### [To do]
Once the pictures are set aside, transcribe each line of the listing exactly.

### [Data]
========

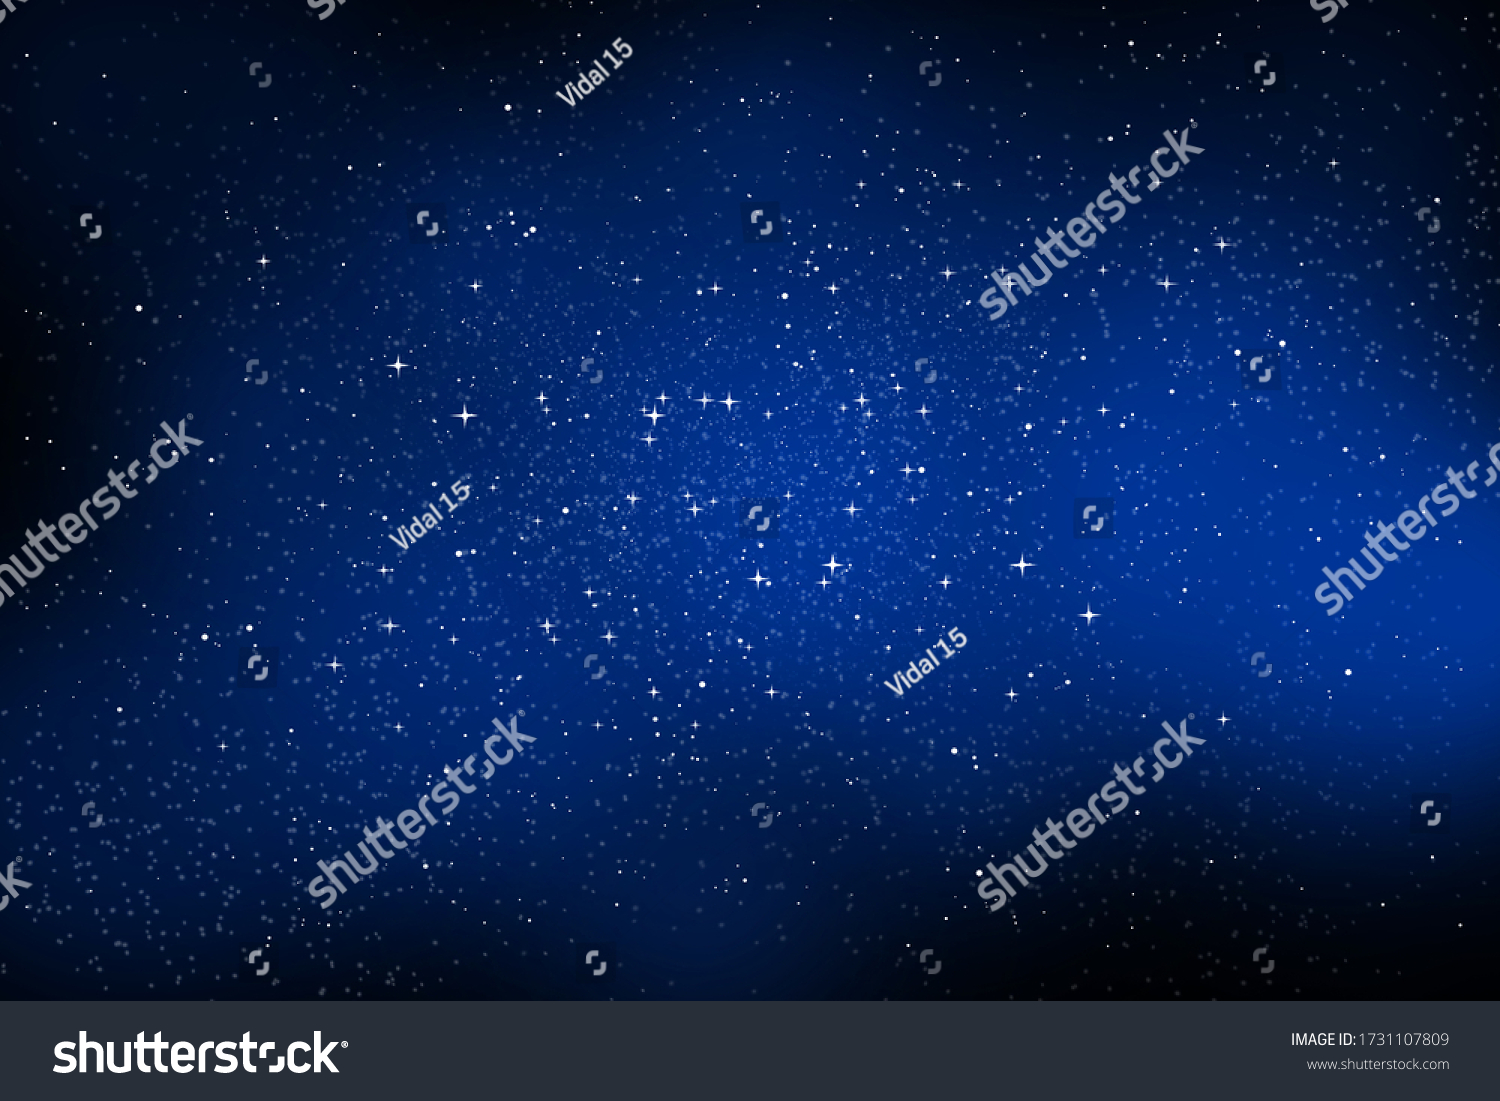 4,432 Stary night sky Images, Stock Photos & Vectors | Shutterstock
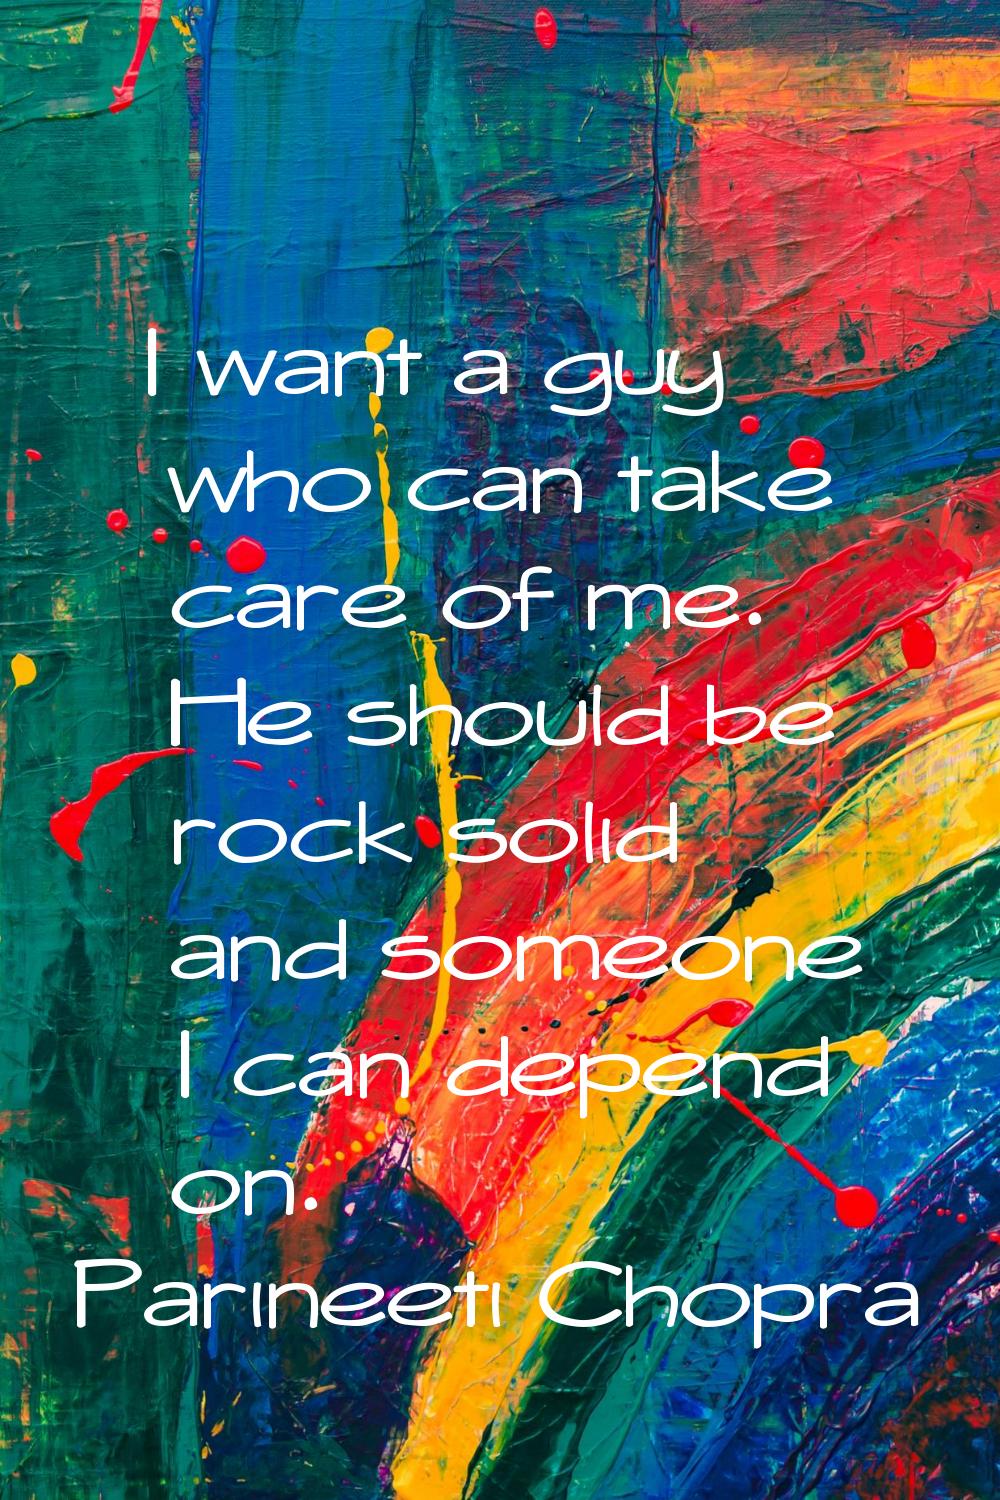 I want a guy who can take care of me. He should be rock solid and someone I can depend on.
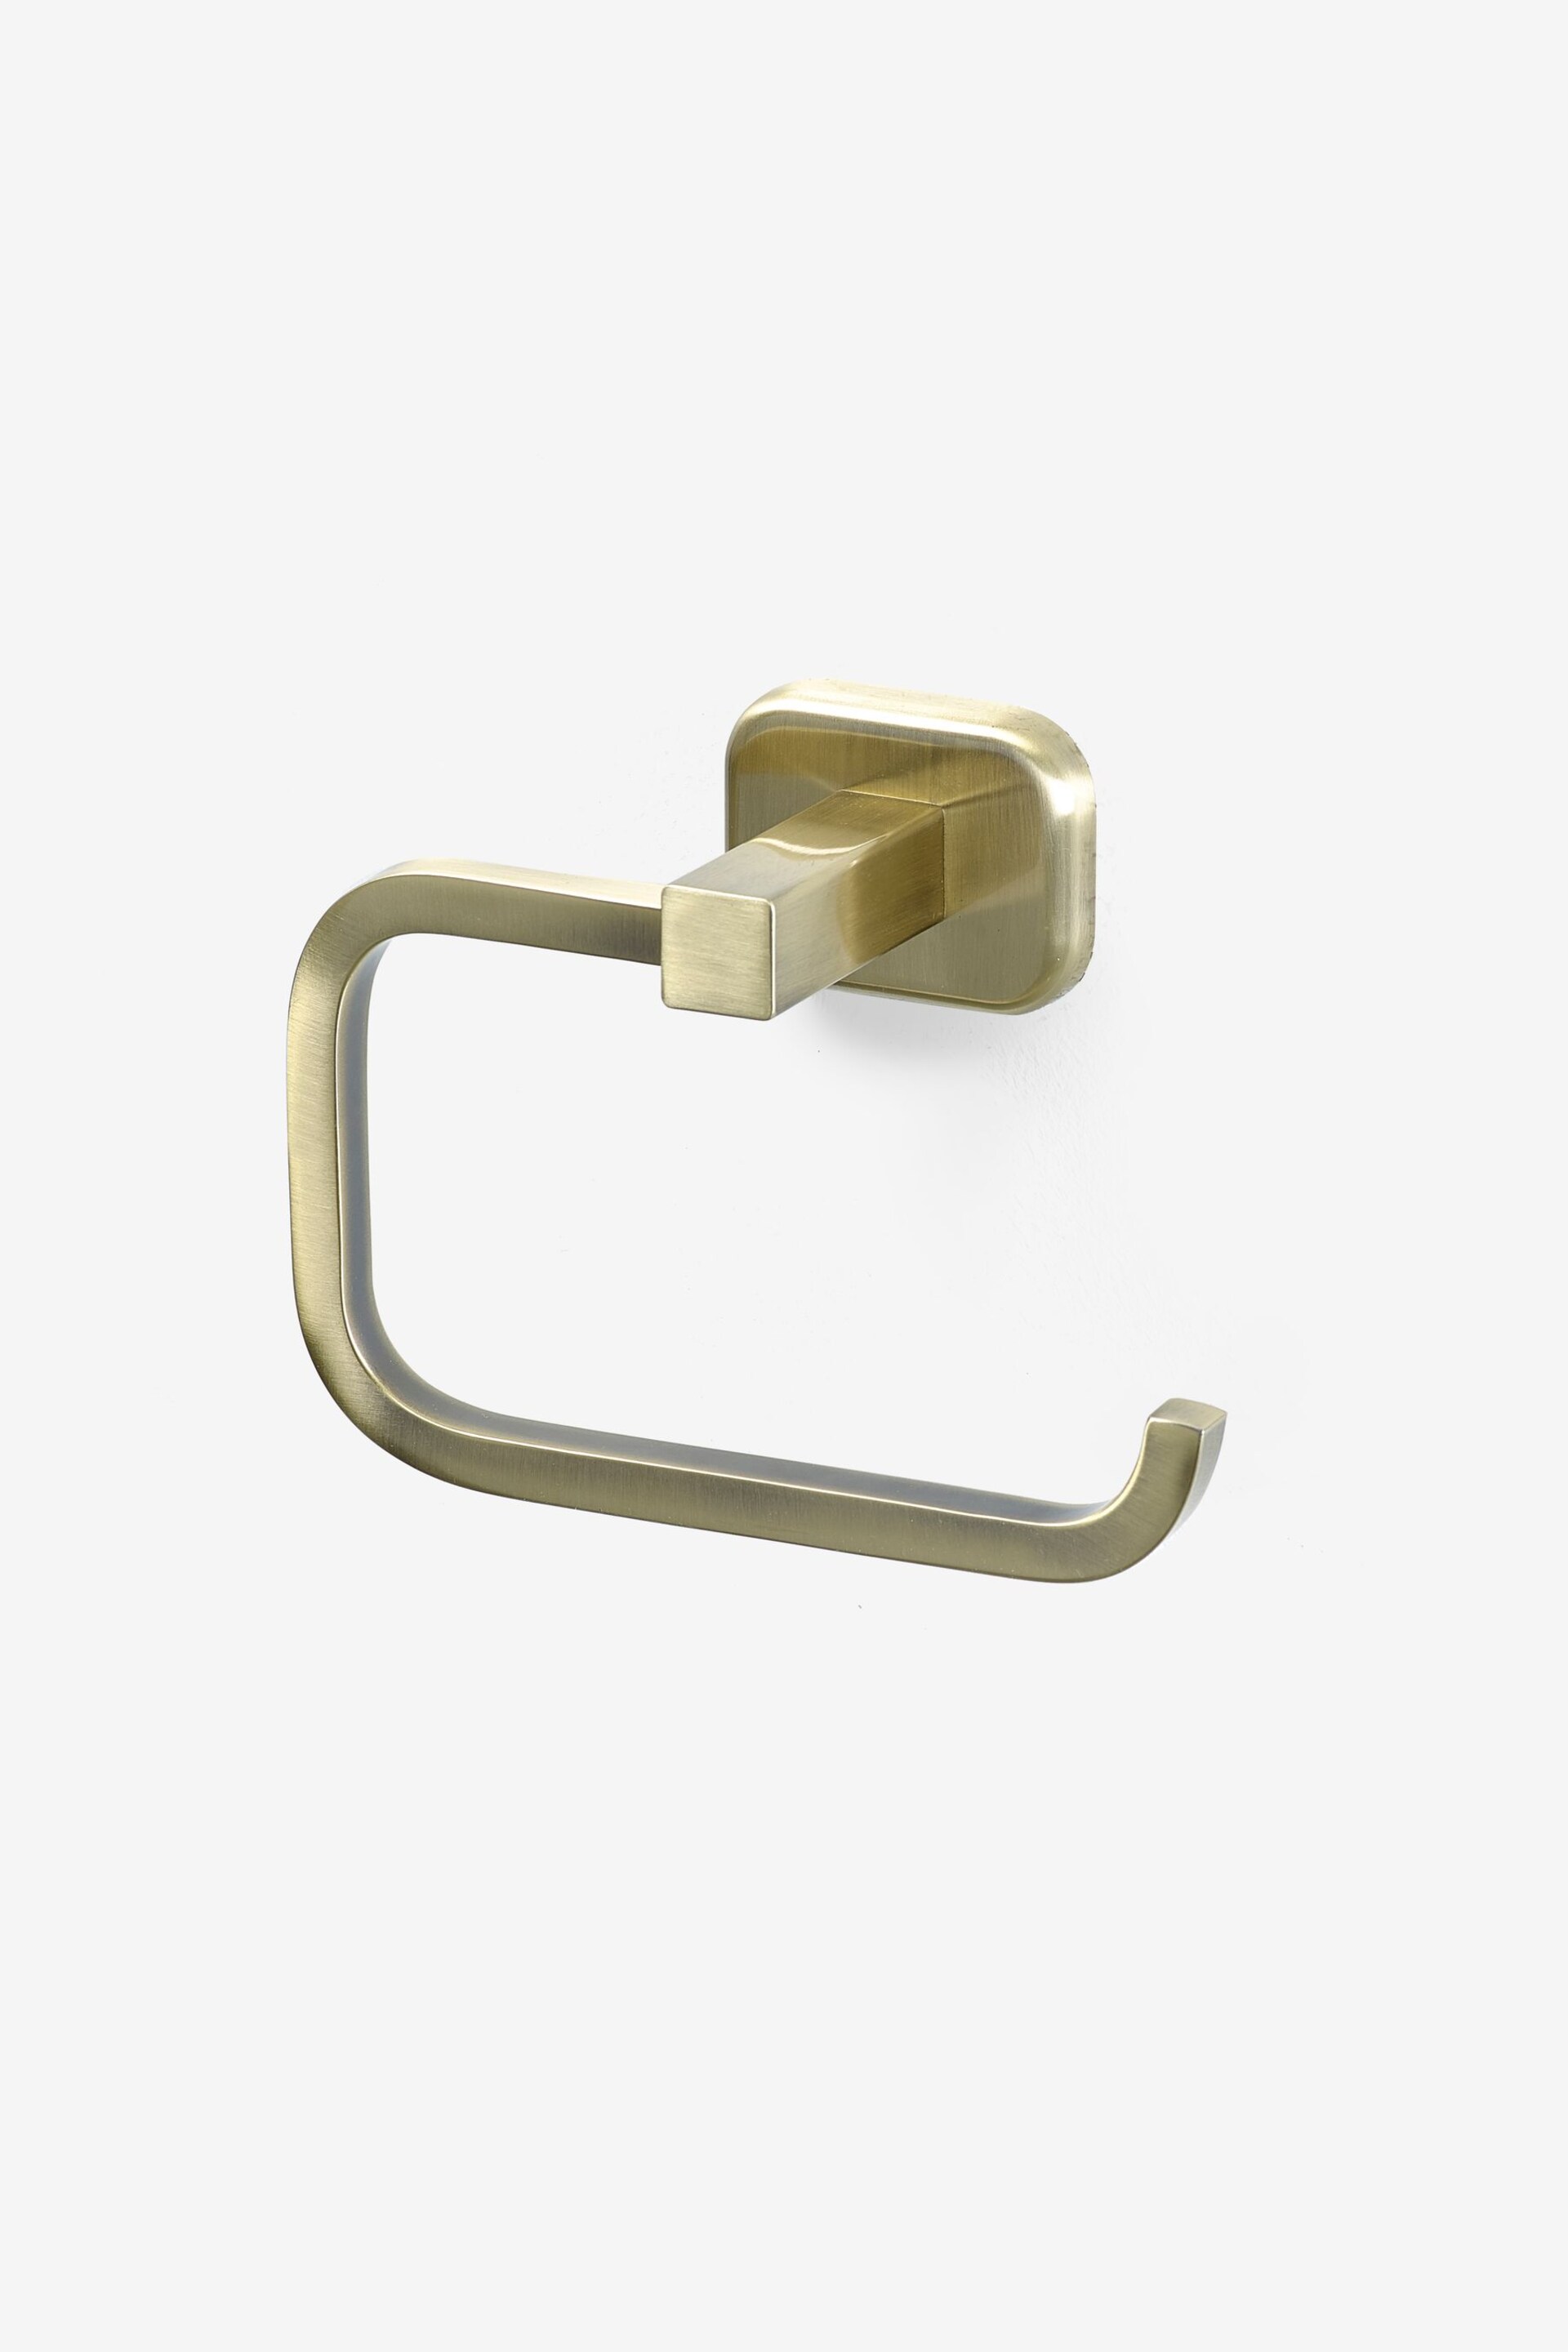 Gold Toilet Roll Holder - Image 5 of 6

========

### [Task solution]
 4,432 Stary night sky Images, Stock Photos & Vectors | Shutterstock
 I want a guy who can take care of me. He should be rock solid and someone I can depend on.
 Gold Toilet Roll Holder - Image 5 of 6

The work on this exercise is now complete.